Uno dei reperti che suscita maggiore curiosità nei visitatori è appunto la mappa che illustra l'Italia dell'Antropocene, la quale mostra come si trasformerà nei secoli la penisola in cui viviamo, con il mare Adriatico che avrà sommerso intere regioni, tra cui il Veneto, e la formazione al loro posto per esempio dell'Isola Euganea, della Laguna di Firenze, o dei fiordi delle Marche . A questo tema, affascinante e inquietante, lo stesso Varotto, assieme al collega Telmo Pievani, ha dedicato un libro in uscita in questi giorni. Guardando invece ai tempi nostri, in mostra c'è un'altra chicca, cioè la bilancia pesa neve, in grado di determinare la densità appunto dei manti nevosi.
LE MOTIVAZIONI
«Il Museo di Geografia di Padova osserva Varotto - valorizza un patrimonio che risale a una delle prime cattedre di geografia in Italia e a 150 anni di ricerca e didattica universitaria. Ma non si rivolge al passato, anzi, guarda al futuro di una disciplina spesso bistrattata e insegnata male, ma utile a capire i grandi cambiamenti del mondo contemporaneo e il significato dei luoghi in cui viviamo.
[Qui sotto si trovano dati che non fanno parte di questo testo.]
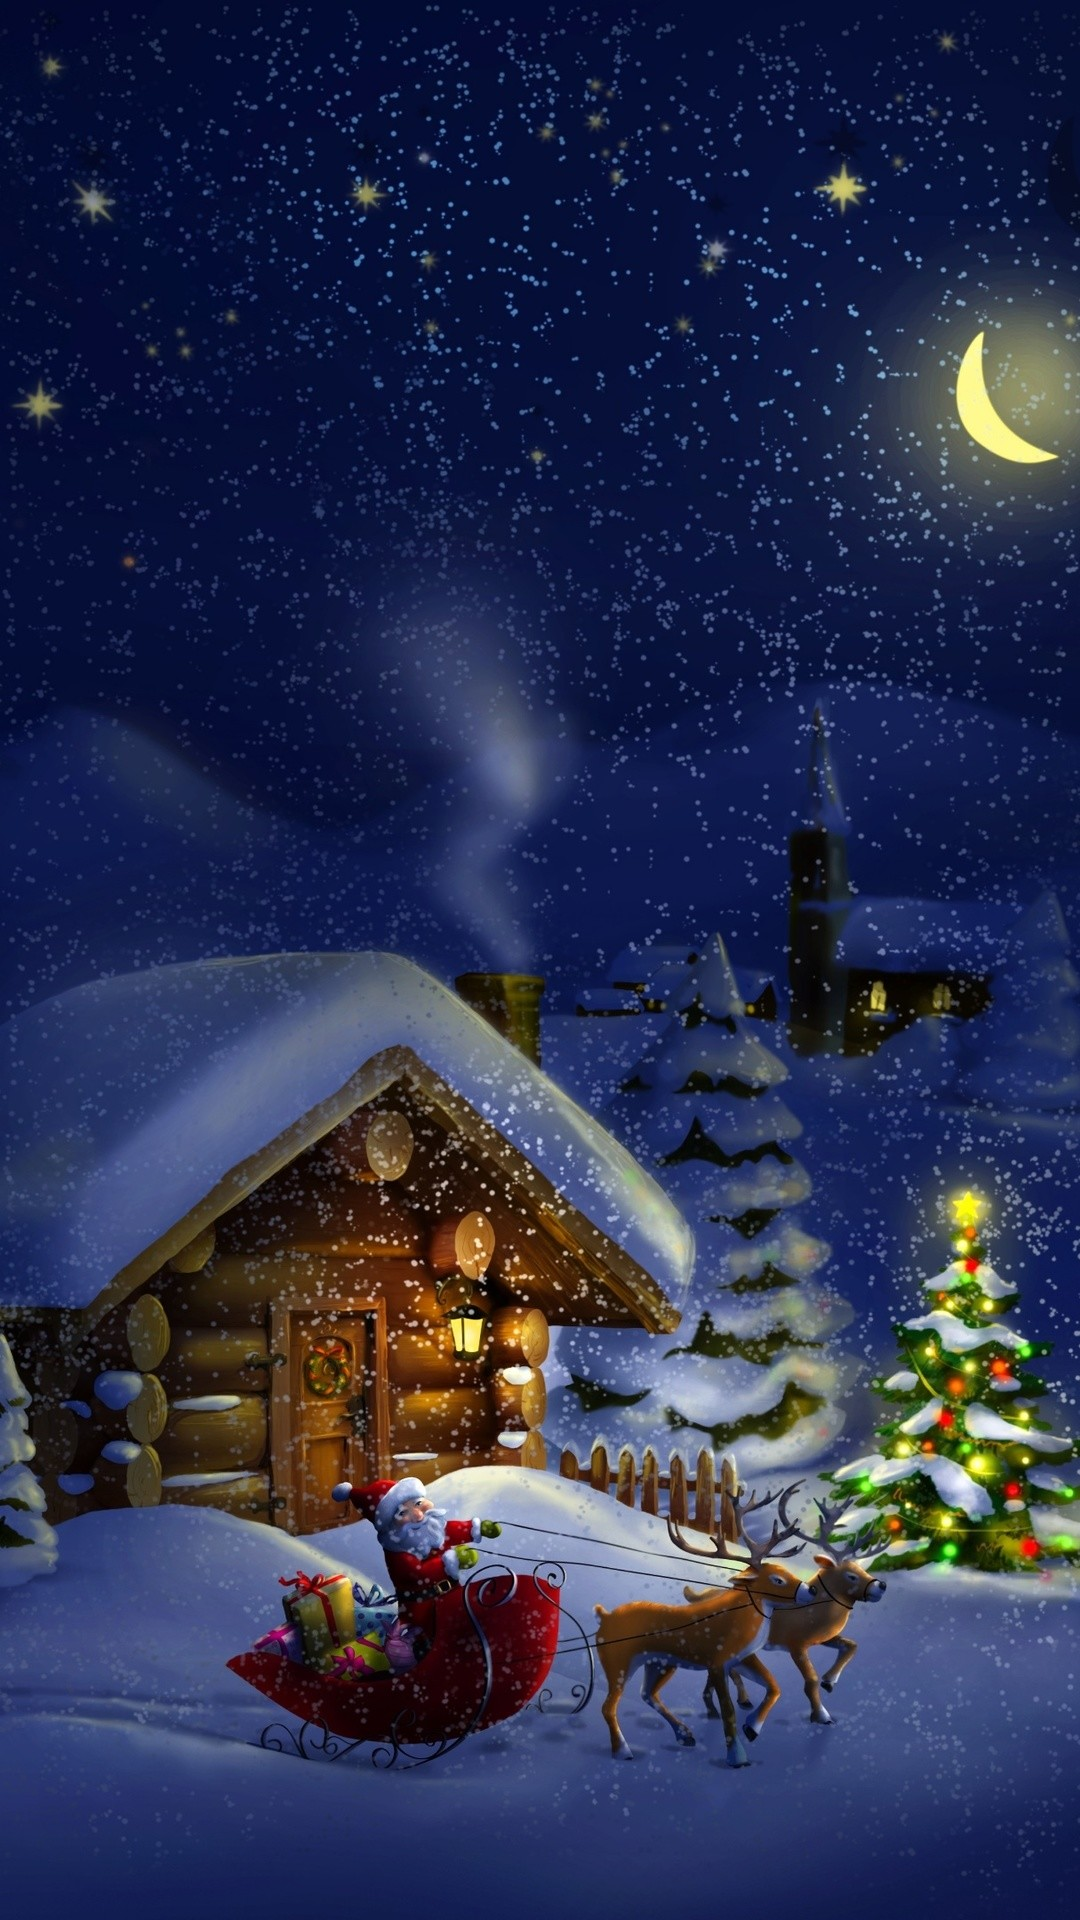 Christmas night with Santa 4K Ultra HD wallpaper | 4k .
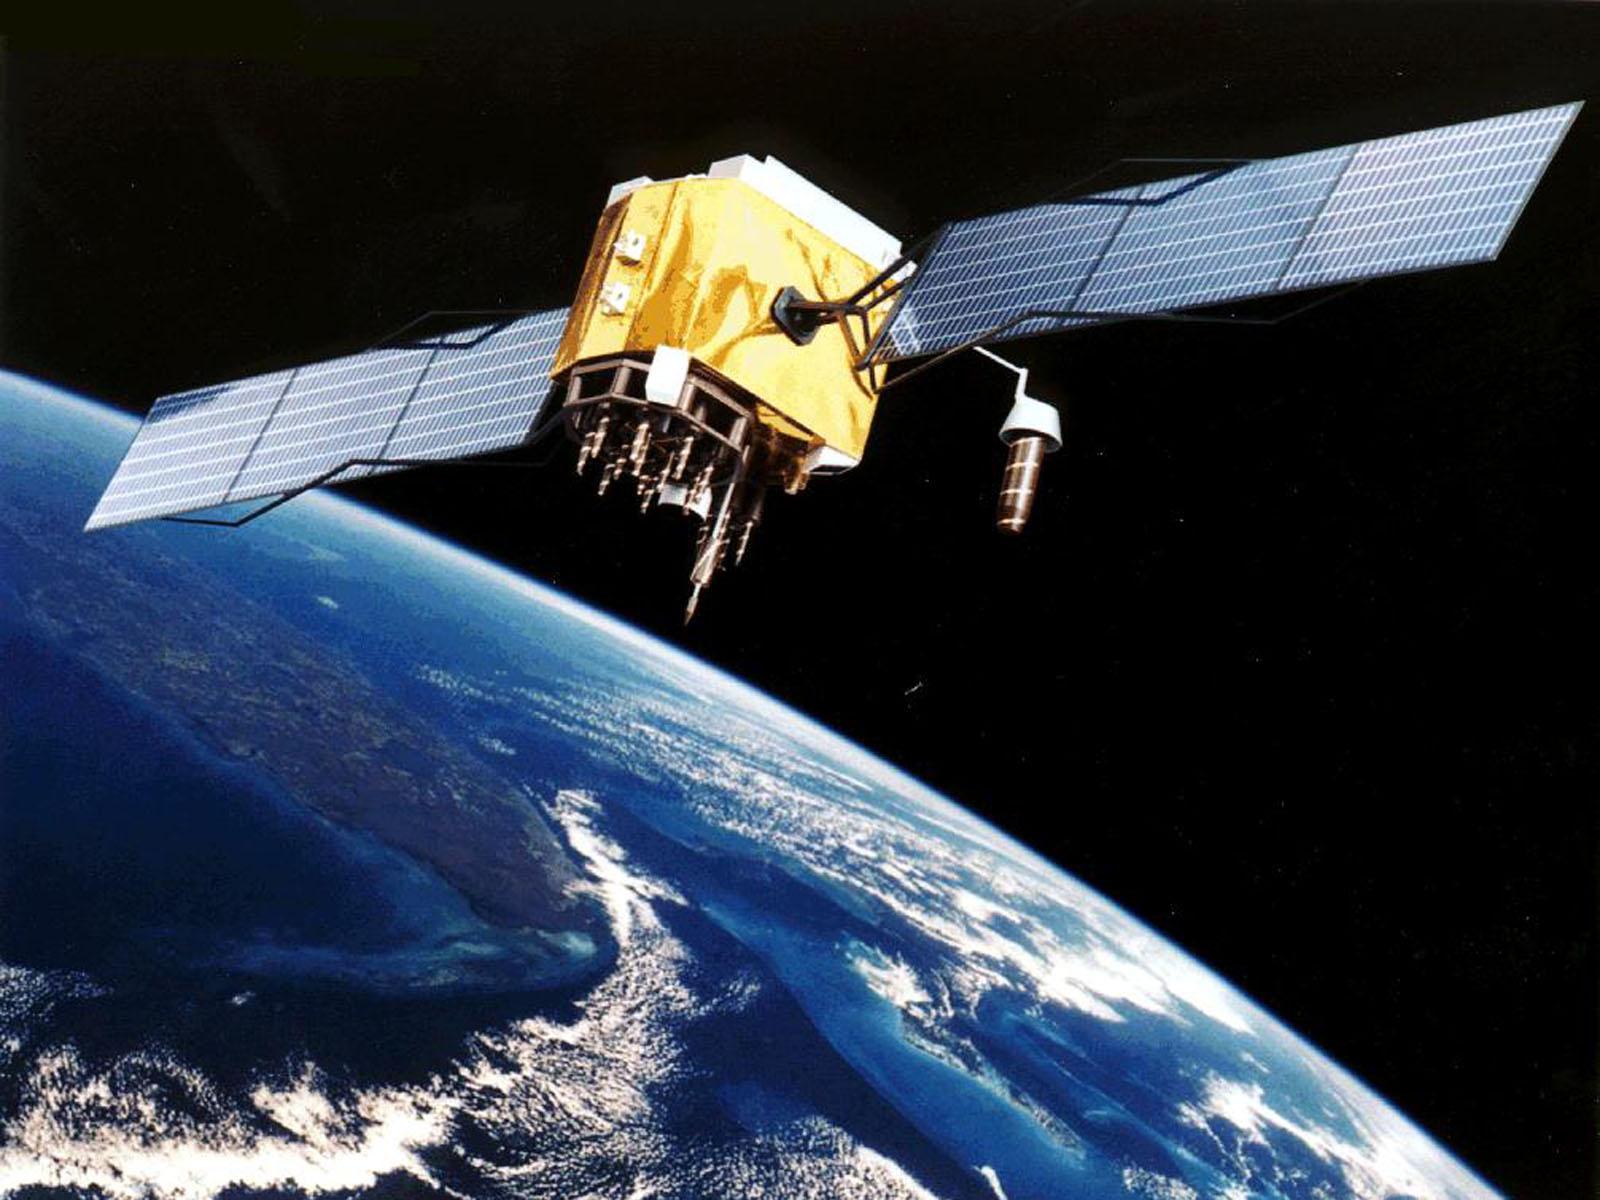 satellite and spacecraft - photo #8

La Geografia non serve solo a mandare a memoria fiumi, monti e capitali anche se questo non guasta, ma a capire per esempio da dove proviene ciò che mangiamo a colazione, oppure perché migliaia di persone fuggono dal lago Chad e arrivano nelle nostre periferie, o ancora a ipotizzare quando probabilmente scomparirà il ghiacciaio della Marmolada». «Le tre sale del Museo - dedicate alla misura del clima, all'esplorazione, al racconto dei luoghi - prosegue il direttore scientifico - non esauriscono l'azione del Museo, che è promotore di iniziative di ricerca partecipata, laboratori didattici creativi e iniziative di sensibilizzazione pubblica su temi geografici di grande attualità». «Una terza sfida - conclude Varotto - è legata alla collocazione accademica del sito museale, a stretto contatto con la ricerca e la didattica universitarie, che lo rendono il naturale punto di congiunzione fra missioni tra loro strettamente legate. A questo proposito va ricordato che l'Ateneo patavino vanta una delle prime cattedre di Geografia dello Stato unitario, assegnata a Giuseppe Dalla Vedova nel 1872. E successivamente l'autorevolezza scientifica sua, e dei suoi successori, tra i quali Giovanni Marinelli, Roberto Almagià, Arrigo Lorenzi e Giuseppe Motandin, resero il Gabinetto patavino un punto di riferimento per la Geografia moderna d'Italia».